::: The data

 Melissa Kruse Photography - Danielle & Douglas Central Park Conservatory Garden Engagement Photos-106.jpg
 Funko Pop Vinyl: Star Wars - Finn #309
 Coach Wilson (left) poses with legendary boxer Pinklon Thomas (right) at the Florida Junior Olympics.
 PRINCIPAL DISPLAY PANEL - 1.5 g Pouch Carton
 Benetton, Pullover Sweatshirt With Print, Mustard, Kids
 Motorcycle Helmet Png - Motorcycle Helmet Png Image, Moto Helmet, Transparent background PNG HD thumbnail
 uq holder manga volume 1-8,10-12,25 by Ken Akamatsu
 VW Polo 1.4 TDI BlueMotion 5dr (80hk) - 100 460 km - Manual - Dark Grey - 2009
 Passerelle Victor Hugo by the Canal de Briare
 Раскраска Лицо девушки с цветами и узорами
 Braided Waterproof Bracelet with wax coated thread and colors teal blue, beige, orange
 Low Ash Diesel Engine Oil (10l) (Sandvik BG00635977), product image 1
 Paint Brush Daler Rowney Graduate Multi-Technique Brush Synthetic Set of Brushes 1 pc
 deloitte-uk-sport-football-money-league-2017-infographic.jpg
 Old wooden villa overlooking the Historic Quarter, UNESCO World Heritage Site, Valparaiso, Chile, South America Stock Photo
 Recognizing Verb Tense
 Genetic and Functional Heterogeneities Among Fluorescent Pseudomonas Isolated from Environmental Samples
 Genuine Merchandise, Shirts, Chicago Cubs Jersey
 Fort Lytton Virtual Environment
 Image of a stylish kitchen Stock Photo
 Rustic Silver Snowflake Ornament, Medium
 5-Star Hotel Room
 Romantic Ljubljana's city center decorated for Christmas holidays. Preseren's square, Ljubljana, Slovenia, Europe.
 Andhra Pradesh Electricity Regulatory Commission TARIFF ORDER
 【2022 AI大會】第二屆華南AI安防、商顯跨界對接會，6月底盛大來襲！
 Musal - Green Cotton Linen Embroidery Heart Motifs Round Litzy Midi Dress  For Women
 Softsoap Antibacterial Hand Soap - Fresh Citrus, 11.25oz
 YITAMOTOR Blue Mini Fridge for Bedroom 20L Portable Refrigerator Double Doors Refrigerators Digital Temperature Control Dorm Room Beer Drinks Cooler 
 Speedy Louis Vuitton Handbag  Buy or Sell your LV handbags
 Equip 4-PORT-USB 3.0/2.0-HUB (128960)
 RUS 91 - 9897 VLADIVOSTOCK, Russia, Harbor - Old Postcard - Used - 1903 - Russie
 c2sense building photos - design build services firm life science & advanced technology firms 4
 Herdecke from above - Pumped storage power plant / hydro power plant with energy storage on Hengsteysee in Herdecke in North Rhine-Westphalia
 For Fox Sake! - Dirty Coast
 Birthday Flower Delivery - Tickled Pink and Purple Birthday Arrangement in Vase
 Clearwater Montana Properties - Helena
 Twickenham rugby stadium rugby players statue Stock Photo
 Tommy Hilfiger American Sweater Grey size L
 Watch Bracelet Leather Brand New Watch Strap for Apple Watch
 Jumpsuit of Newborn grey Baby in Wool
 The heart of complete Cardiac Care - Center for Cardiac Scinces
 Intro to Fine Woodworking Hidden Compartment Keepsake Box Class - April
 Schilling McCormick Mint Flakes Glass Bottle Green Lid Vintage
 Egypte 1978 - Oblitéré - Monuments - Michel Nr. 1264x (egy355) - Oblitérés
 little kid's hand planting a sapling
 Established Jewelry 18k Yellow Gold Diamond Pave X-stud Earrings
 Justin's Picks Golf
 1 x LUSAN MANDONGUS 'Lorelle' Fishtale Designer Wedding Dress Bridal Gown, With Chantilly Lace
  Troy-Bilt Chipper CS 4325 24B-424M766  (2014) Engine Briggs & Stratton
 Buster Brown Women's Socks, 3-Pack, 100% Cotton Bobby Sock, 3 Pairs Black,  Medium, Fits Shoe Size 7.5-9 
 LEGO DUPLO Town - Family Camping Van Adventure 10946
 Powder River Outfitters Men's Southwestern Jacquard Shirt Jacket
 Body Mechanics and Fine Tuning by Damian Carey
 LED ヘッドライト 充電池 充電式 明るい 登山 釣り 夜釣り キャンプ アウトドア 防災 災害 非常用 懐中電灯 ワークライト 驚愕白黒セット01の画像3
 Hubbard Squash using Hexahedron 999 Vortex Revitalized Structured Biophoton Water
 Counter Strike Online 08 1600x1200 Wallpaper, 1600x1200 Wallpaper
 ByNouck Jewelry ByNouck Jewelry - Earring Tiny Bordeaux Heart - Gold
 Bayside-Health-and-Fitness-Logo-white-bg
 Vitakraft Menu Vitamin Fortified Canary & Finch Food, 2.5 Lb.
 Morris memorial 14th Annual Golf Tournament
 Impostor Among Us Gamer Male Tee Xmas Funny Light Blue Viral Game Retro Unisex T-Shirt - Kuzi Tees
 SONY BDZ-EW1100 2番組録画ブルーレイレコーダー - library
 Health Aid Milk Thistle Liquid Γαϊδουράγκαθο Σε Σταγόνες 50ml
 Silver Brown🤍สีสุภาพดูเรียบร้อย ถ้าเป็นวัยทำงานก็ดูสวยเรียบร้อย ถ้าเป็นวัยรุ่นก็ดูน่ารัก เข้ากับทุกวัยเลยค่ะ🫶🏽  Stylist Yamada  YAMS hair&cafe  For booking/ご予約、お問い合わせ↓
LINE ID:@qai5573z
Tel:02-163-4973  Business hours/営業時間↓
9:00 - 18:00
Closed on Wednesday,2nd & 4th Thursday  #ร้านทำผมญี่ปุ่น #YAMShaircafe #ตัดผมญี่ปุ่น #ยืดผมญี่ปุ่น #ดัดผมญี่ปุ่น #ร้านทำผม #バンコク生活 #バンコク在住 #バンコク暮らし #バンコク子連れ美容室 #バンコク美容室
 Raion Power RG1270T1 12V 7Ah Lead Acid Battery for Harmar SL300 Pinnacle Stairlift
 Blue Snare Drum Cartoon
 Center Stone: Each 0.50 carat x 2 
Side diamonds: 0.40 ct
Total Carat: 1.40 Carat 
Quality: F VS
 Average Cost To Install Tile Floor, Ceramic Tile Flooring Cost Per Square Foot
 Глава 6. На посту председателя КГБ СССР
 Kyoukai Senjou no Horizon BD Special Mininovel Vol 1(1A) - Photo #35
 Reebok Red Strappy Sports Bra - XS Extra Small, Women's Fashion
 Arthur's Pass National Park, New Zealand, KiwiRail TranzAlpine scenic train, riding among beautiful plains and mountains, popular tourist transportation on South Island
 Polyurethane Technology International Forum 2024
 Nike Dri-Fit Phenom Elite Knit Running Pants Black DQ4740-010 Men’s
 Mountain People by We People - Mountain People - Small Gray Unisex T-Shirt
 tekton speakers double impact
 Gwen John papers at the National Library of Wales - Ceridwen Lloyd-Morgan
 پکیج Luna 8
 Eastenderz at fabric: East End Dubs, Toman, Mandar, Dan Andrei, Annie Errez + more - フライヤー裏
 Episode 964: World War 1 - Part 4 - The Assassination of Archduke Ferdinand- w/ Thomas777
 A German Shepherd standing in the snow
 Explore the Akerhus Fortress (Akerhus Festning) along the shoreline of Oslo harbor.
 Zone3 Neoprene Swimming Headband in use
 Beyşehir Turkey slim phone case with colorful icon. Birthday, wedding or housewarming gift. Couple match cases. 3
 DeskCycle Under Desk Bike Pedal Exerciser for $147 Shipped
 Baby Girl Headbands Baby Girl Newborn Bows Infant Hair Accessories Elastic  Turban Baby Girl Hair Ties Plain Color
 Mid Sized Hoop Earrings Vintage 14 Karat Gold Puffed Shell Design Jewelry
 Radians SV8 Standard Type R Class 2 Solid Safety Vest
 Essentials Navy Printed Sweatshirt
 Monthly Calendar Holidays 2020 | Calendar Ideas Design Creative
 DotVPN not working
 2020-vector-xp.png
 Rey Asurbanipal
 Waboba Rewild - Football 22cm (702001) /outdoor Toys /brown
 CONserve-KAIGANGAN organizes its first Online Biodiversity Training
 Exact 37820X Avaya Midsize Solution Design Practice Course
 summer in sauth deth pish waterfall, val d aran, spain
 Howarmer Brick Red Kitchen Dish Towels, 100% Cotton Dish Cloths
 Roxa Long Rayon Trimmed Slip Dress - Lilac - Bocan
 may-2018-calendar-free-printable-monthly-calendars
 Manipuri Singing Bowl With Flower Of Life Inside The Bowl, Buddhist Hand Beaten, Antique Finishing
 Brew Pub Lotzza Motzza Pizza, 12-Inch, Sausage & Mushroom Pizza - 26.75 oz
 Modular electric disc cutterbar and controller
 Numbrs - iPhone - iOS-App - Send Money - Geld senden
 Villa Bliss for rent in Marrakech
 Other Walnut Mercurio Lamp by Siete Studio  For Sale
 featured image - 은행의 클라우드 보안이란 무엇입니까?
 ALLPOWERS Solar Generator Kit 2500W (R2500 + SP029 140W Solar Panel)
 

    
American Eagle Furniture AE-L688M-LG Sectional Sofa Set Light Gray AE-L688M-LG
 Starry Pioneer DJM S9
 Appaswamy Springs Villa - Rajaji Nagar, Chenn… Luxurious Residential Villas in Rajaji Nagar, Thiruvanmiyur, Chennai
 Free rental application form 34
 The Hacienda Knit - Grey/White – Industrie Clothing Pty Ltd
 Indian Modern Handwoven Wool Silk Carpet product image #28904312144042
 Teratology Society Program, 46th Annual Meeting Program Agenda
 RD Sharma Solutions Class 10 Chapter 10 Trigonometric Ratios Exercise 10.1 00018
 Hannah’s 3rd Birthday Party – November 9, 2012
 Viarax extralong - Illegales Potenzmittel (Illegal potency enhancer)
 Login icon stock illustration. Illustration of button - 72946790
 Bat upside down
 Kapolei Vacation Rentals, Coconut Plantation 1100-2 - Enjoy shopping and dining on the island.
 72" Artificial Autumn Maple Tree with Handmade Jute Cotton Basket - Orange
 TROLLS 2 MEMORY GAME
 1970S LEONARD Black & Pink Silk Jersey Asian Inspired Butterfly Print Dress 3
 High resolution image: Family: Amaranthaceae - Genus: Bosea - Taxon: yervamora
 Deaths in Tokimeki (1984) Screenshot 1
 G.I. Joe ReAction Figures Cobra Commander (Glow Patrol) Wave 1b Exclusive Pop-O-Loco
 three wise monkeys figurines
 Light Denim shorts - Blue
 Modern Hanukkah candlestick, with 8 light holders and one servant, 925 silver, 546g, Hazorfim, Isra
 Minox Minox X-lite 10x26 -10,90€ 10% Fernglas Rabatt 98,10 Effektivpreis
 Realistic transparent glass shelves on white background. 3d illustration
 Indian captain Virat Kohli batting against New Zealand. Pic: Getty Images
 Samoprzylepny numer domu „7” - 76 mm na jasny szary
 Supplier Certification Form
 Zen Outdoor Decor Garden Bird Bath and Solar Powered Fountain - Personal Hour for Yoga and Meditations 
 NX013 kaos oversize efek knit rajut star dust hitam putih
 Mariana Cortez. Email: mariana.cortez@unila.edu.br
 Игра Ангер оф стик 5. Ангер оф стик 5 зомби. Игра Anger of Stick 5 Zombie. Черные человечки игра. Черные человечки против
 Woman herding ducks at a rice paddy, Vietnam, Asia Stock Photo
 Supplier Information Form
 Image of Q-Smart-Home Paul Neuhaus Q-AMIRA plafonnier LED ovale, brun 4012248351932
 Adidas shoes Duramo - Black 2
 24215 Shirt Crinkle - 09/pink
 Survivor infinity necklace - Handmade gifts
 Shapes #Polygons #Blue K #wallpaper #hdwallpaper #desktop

::::::

Task item =
Scan the records above for the lines holding "Essentials Navy Printed Sweatshirt" and "Roxa Long Rayon". Transcribe those two and every line between them word for word, and no others.

Exercise solution =
 Essentials Navy Printed Sweatshirt
 Monthly Calendar Holidays 2020 | Calendar Ideas Design Creative
 DotVPN not working
 2020-vector-xp.png
 Rey Asurbanipal
 Waboba Rewild - Football 22cm (702001) /outdoor Toys /brown
 CONserve-KAIGANGAN organizes its first Online Biodiversity Training
 Exact 37820X Avaya Midsize Solution Design Practice Course
 summer in sauth deth pish waterfall, val d aran, spain
 Howarmer Brick Red Kitchen Dish Towels, 100% Cotton Dish Cloths
 Roxa Long Rayon Trimmed Slip Dress - Lilac - Bocan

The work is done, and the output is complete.